Когда бой закончился, потери каждой стороны составляли 12 тысяч человек. Ли перешел обратно через Потомак на юг. Однако Мак-Клеллан не последовал за ним, хотя его шансы на уничтожение армии конфедератов Лонгстрит оценивал следующим образом: «Мы потерпели такое поражение, что к концу дня десять тысяч свежих войск северян могли бы захватить армию Ли и все, что у нее было. Но МакКлеллан не знал этого». У Мак-Клеллана было два солдата против каждого солдата противника, он имел полный перевес в артиллерии, ружьях и снабжении. В армии Мак-Клеллана на поверке откликнулось 93 тысячи человек, в то время как Ли вошел в долину Шенандоа с армией менее 40 тысяч.
Спустя десять дней после битвы у Антьетама Мак-Клеллан писал жене: «До сих пор я не услышал ни одного слова из Вашингтона по поводу битвы у Антьетама… кроме письма президента в следующих замечательных выражениях: «Получил ваше сообщение. Благослови вас бог и всех, кто с вами! Не можете ли вы уничтожить их раньше, чем они уйдут?» Ради своих собственных целей и личного удовлетворения Мак-Клеллан неправильно процитировал письмо президента. На самом деле Линкольн написал: «Благослови вас бог и всех, кто с вами. Если возможно, уничтожьте мятежную армию».
Конгрессмен Уильям Келли из Питсбурга явился в Белый дом и обсуждал с Линкольном сведения о том, что у Мак-Клеллана имелся резервный корпус в 30 тысяч человек под командованием Портера. Этот корпус совсем не вступал в бой и сохранил полностью все боеприпасы к концу битвы.
По словам Келли, Линкольн был медлителен и осторожен, когда сказал: «Я теперь сильнее в отношении потомакской армии, чем Мак-Клеллан. Верховенство гражданской власти восстановлено, и президент опять является хозяином положения. Войска знают, что если я допустил ошибку, заменив МакКлеллана Поупом, я сумел ее исправить, опять доверившись ему. Они знают также, что ни я, ни Стентон ничего не забирали у него в битве при Антьетаме и что виновато не правительство, а их бывший кумир, который, понеся огромные потери, не использовал всех имевшихся у него возможностей для разгрома противника и закончил великую битву вничью, в то время как если бы он бросил свежий корпус Портера и другие имевшиеся войска на армию Ли, он обязательно сбросил бы его армию, отступавшую в полном беспорядке, в реку и захватил бы большую ее часть еще до захода солнца».
В этот период Линкольн понимал, что в некотором смысле война по-настоящему еще не началась. Он высказал эту точку зрения женщинам, собравшимся на национальный совет по организации помощи больным и раненым на поле боя. Перед тем как разъехаться по домам, они посетили президента и попросили его сказать им несколько ободряющих слов.

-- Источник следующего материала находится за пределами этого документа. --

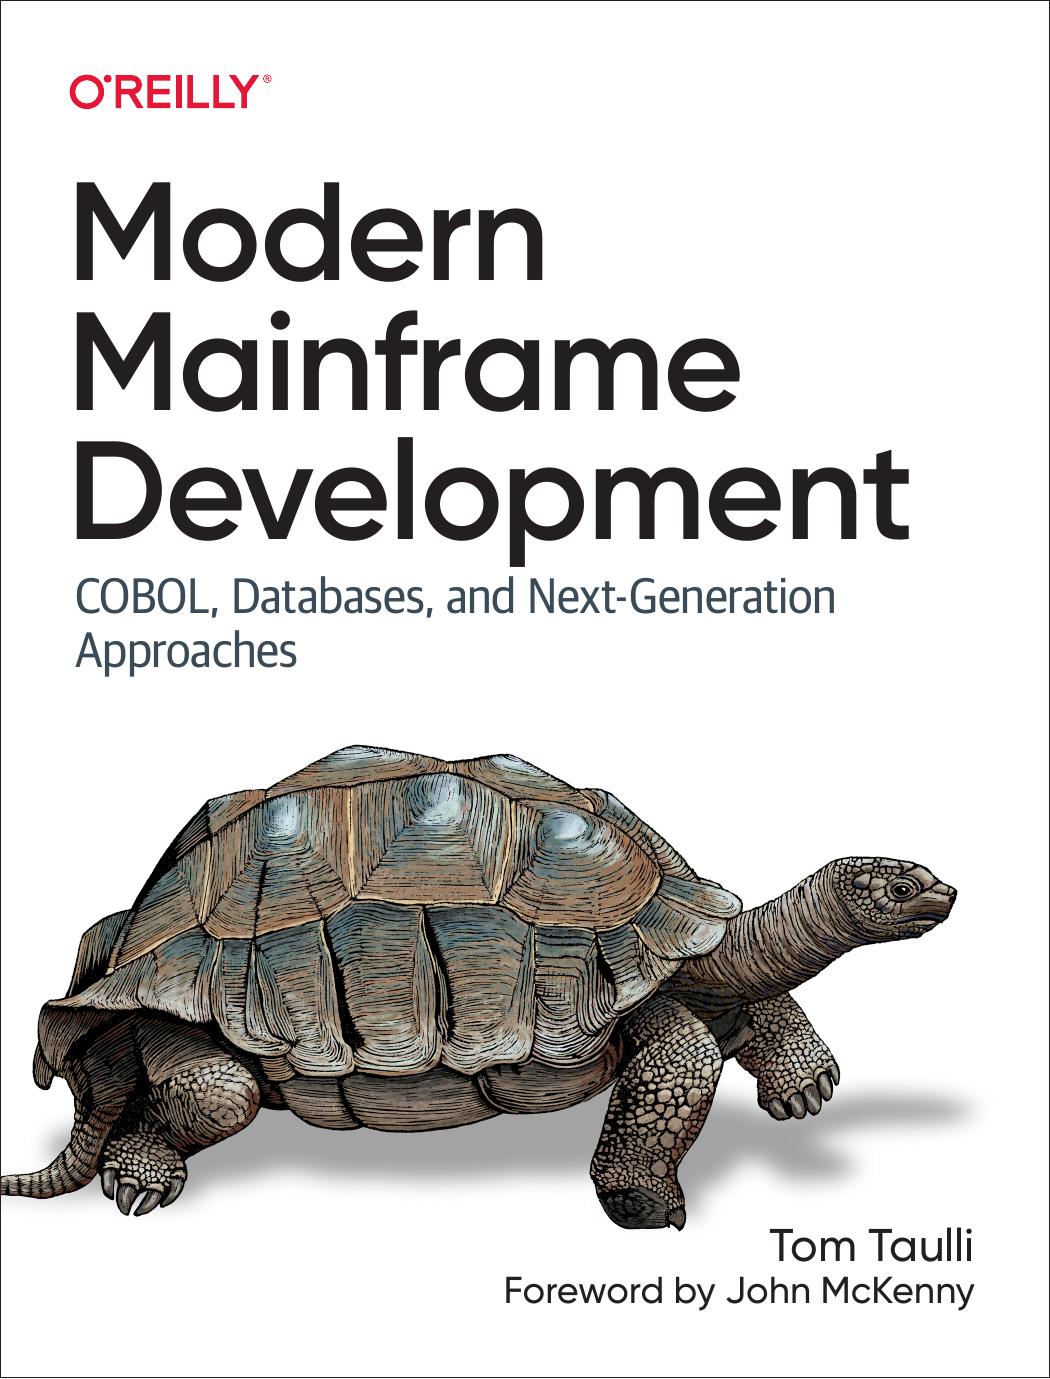 Modern Mainframe Development by Tom Taulli

– У меня нет ободряющих слов, – последовал медленный и прямой ответ.
Женщины молчали. Они понимали, что президент говорит им то, чего не может сказать всей стране. Линкольн продолжал:
– Дело в том, что народ еще не понял, что мы находимся в войне с Югом. Люди еще не пришли к решимости драться в полную силу. У них в головах все еще сидит идея, что мы можем как-то выбраться из этого тяжелого положения благодаря одной стратегии. Вот в чем дело – стратегия! Генерал МакКлеллан думает, что он может разбить мятежников стратегией, и так же думает армия.
Одна из женщин напомнила о сотнях тысяч добровольцев, о храбрых действиях солдат в битвах у Донелсона, у Пи Ридж, у Щайло. Президент согласился с этим и вернулся к своей мысли.

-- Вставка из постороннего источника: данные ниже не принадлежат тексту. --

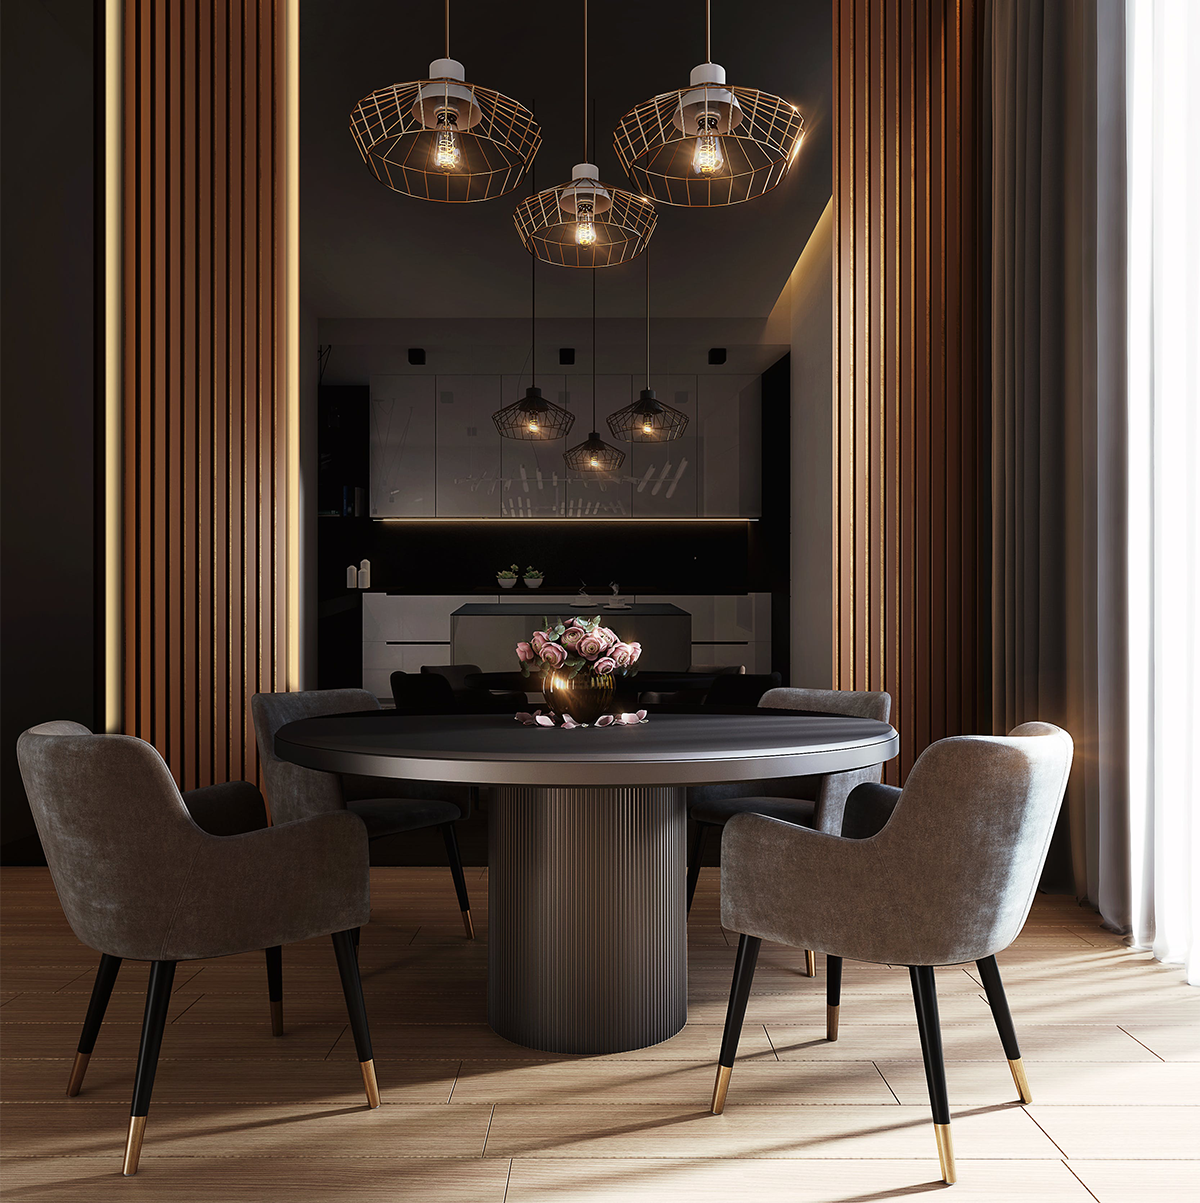 Luxury interior design in a luxury Hampton home in New York

– Я говорю вам, что народ еще не понял, что мы ведем войну. Все думают, что есть легкий путь к миру и что генерал Мак-Клеллан найдет его. Армия еще не прониклась твердым убеждением, что мы ведем страшную войну, которую нужно довести до конца, и офицеры тоже еще не прониклись этим… Во всех полках две трети людей отсутствуют – многие дезертировали, а многие находятся в отпуске, который им дают офицеры, – это очень плохо. Количество дезертиров и отпускников превышает количество рекрутов.
Одна из женщин спросила:
– А нельзя ввести смертную казнь за дезертирство?

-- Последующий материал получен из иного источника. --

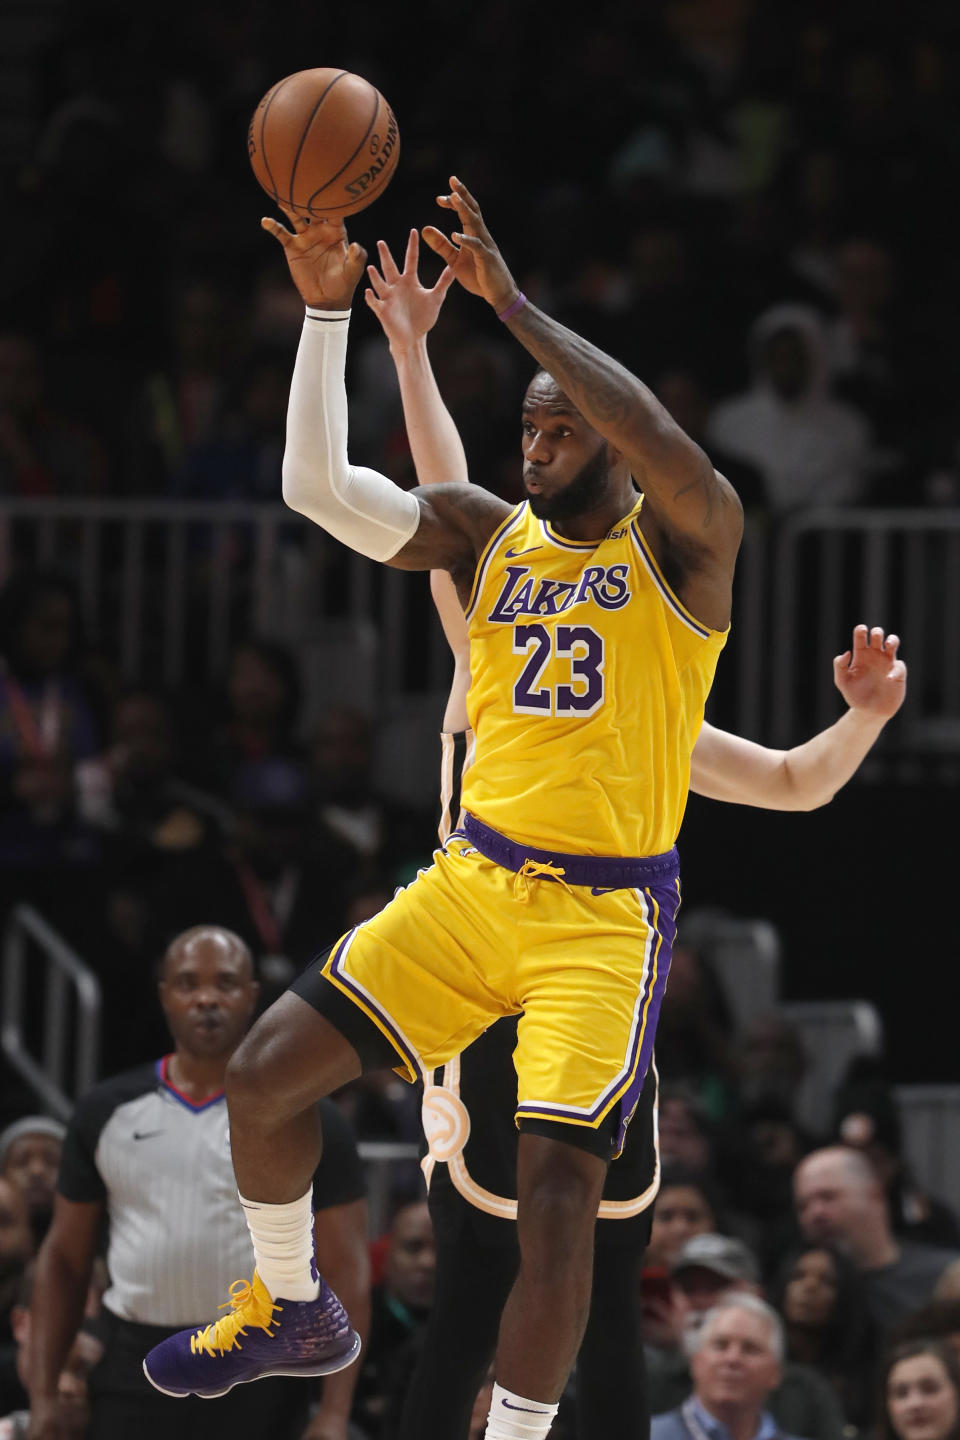 Los Angeles Lakers forward LeBron James (23) passes the ball in the second half of an NBA basketball game against the Atlanta Hawks, Sunday, Dec. 15, 2019, in Atlanta. (AP Photo/John Bazemore)

– О нет, нет! – ответил президент и покачал головой. – Если я начну пачками расстреливать людей за дезертирство, поднимется такой крик, которого я еще в жизни не слышал. И поделом! Нельзя расстреливать людей пачками. Народ не станет терпеть этого и не должен терпеть. Нет, мы должны изменить положение дел каким-нибудь другим путем.
Миссис Ливермор запомнила его лицо, прорезанное резкими морщинами, чуть пошатывающуюся походку, словно человек ходил во сне.
ВОПРОС О РАБСТВЕ
1. Предварительное провозглашение свободы для негров
Слепая теща конгрессмена-республиканца Фрэнка Блэйра любила повторять:
– Больше всего на свете я ненавижу рабство, если не считать движения за освобождение от рабства.
Итак, в ней боролись две ненависти, и она сама не могла определить, какая из них была сильнее. Подобные же страсти раздирали всю страну. В итоге они вызвали войну.
Линкольну стал известен случай с негром-рабом, сбежавшим от своего хозяина. Негр приехал в Вашингтон, и гут его арестовали. Чэйз и Монтгомери Блэйр, поспорив о его судьбе, пришли за разрешением спора к Линкольну. Чэйз хотел направить арестованного в армию Союза. Блэйр настаивал на применении закона о беглых рабах и требовал возвращения негра владельцу. Линкольн ничего определенного им не сказал.
Многие экстремисты соглашались с мнением Уэнделла Филлипса, выступившего н. а митинге 1 августа 1862 года: он утверждал, что у президента «нет своего мнения. Он не произнес ни единого слова, которое дало бы хоть малейшее представление о его намерениях ‘В вопросе об отмене рабства. Вероятно, он человек честный; однако никого не интересует, честна ли черепаха или нет. У президента нет ни интуиции, ни предвидения, ни решимости».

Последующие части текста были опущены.